AidData is seeking an RA to work with the research and evaluation unit to explore new applications of machine learning and geospatial data. AidData is currently adapting machine learning methods including convolutional neural networks and random forests to produce estimates of development indicators such as poverty based on satellite imagery and other sources of geospatial data. The RA will work (remotely) with AidData’s Data Engineer to prepare data for training ML algorithms, refining techniques, running models, and analyzing results.  

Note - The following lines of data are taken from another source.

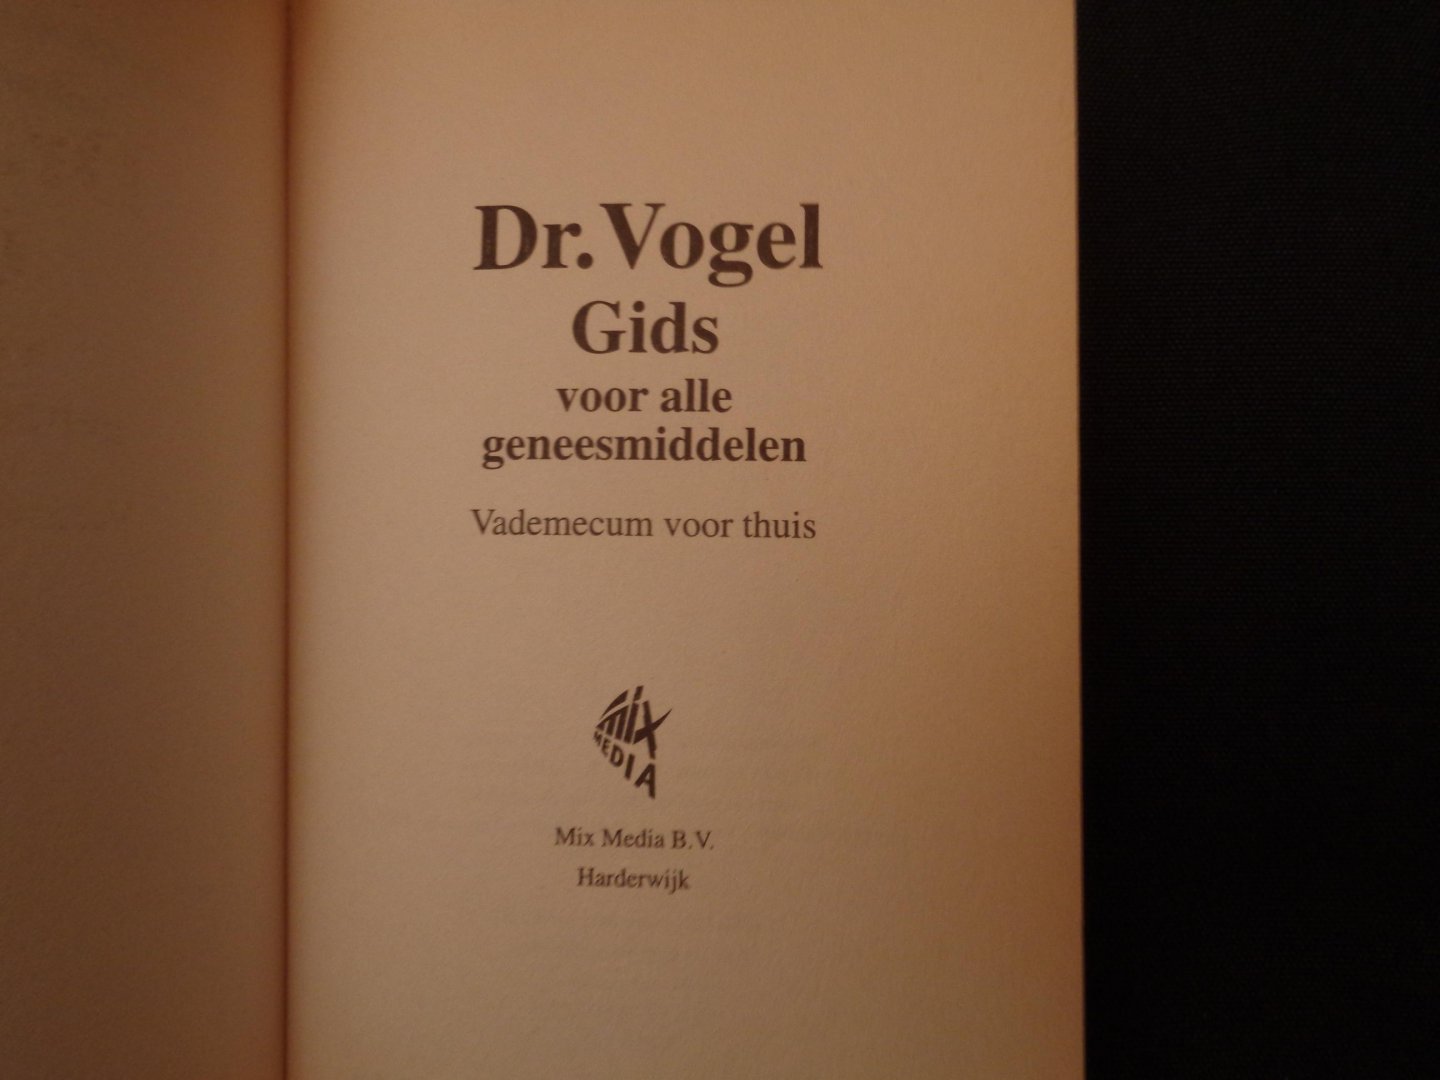 Luijendijk, H. - Dr. Vogel gids voor alle geneesmiddelen / druk 4
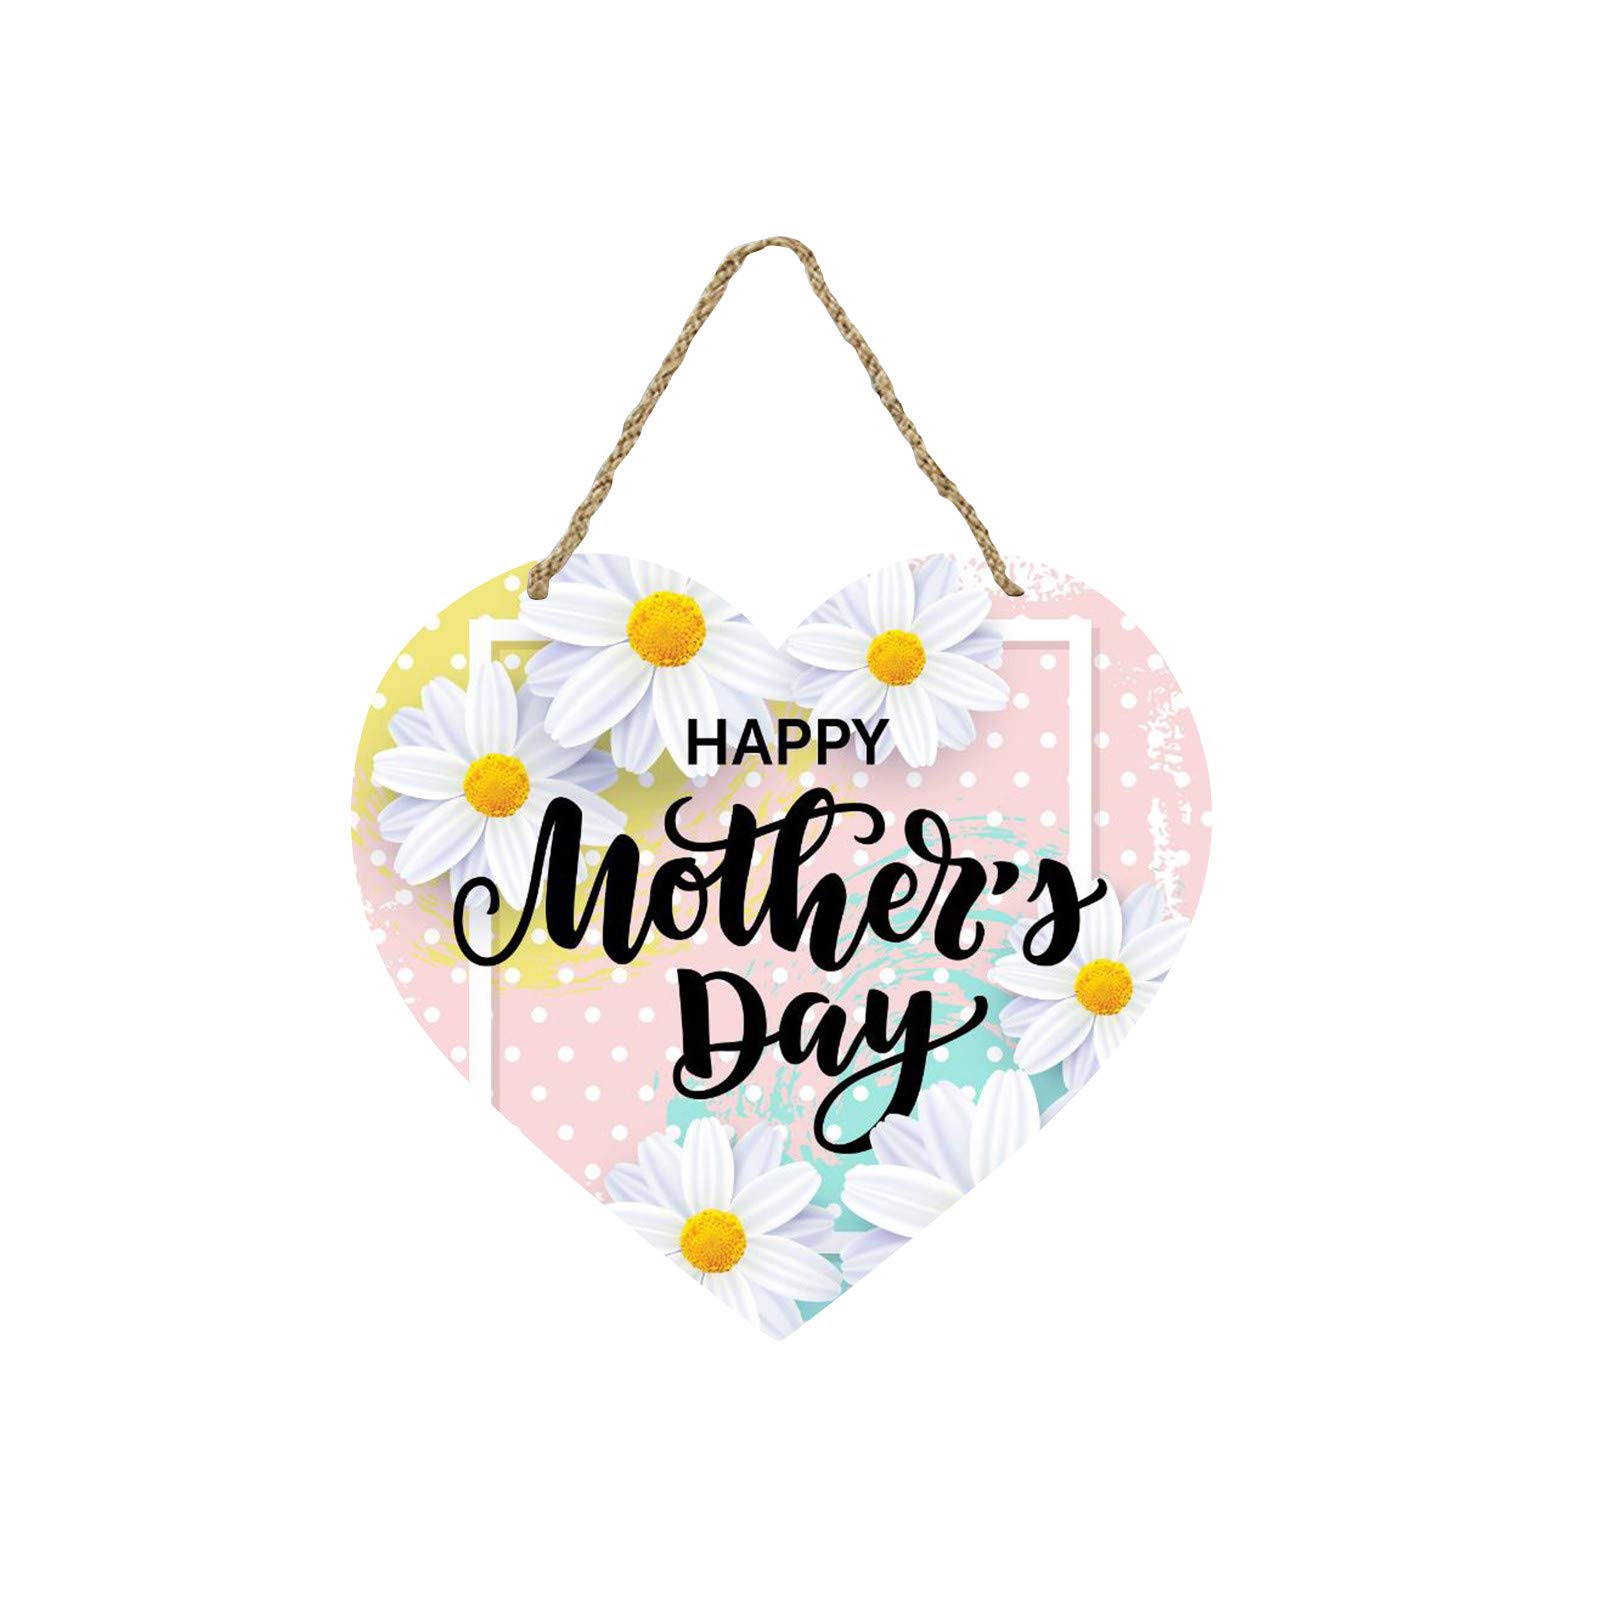 DIY Home Improvement: Creative Door Hanger Ideas For Mother’s Day
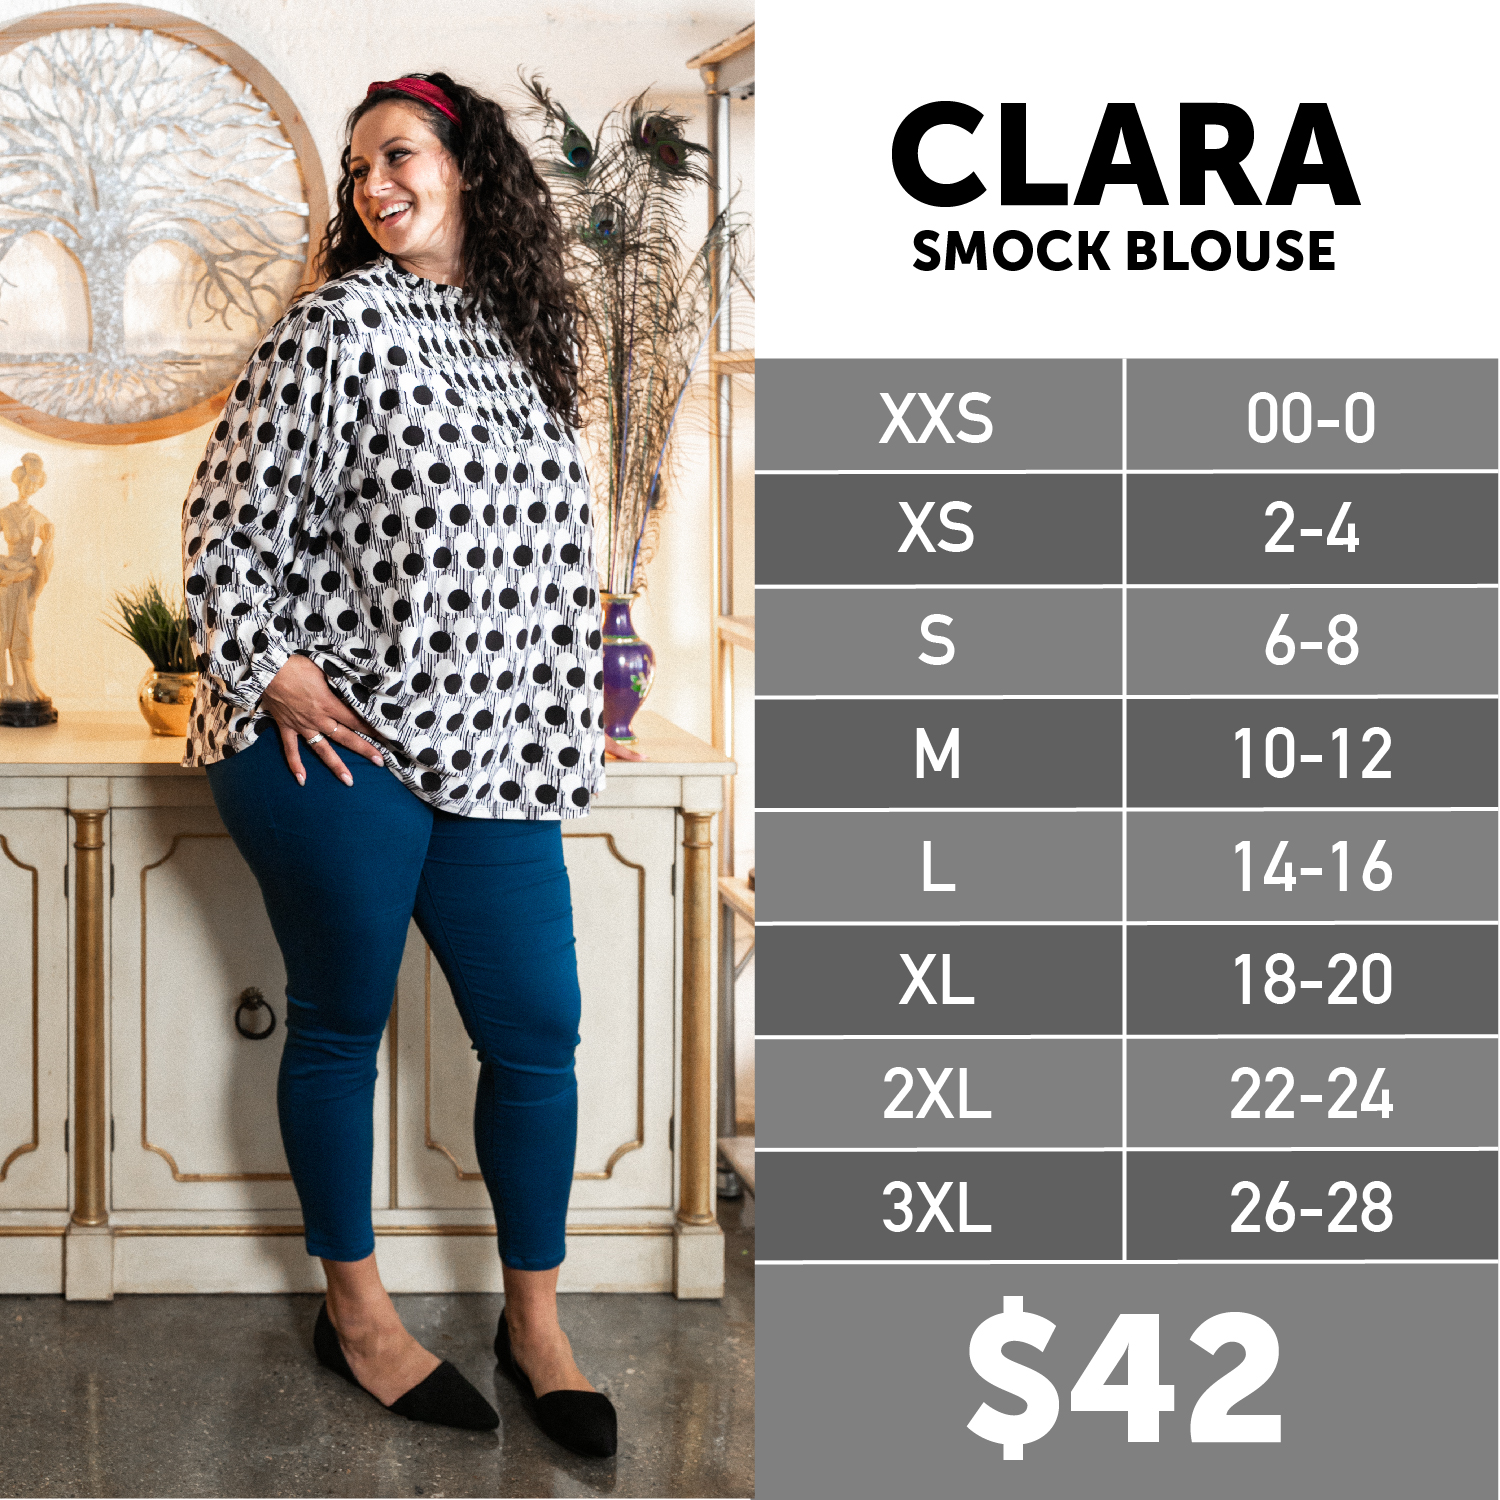 Lularoe Clara Smock Blouse Size Chart

This position is for summer 2021, for approximately 10 weeks. Continuation into fall is possible based on project needs. This position pays $10/hr with flexible hours (10-20 per week).

Required Skills

  • Familiarity with geospatial data sources and formats: relevant courses include GIS 201, 405, 410, 420 or DATA 431 (experience in place of course work is welcome)
  • Strong Python programming skills
  • Experience with machine learning: relevant courses include DATA 310, 410, 442 (experience in place of course work is welcome)

Preferred Skills

  • Experience using SciKit Learn and PyTorch (or other packages) to implement convolutional neural networks, random forests, and other ML algorithms
  • Experience working in a HPC environment
  • Familiarity with geospatial Python packages (rasterio, fiona, shapely, geopandas)

Application Instructions

Please send your resume, cover letter, and coding sample (GitHub link, etc. to original work) to Seth Goodman (sgoodman@aiddata.org).

Equal Employment Opportunity Statement

William & Mary values diversity and invites applications from underrepresented groups who will enrich the research, teaching, and service missions of the university. William & Mary is an Equal Opportunity/Affirmative Action employer and encourages applications from women, minorities, protected veterans, and individuals with disabilities.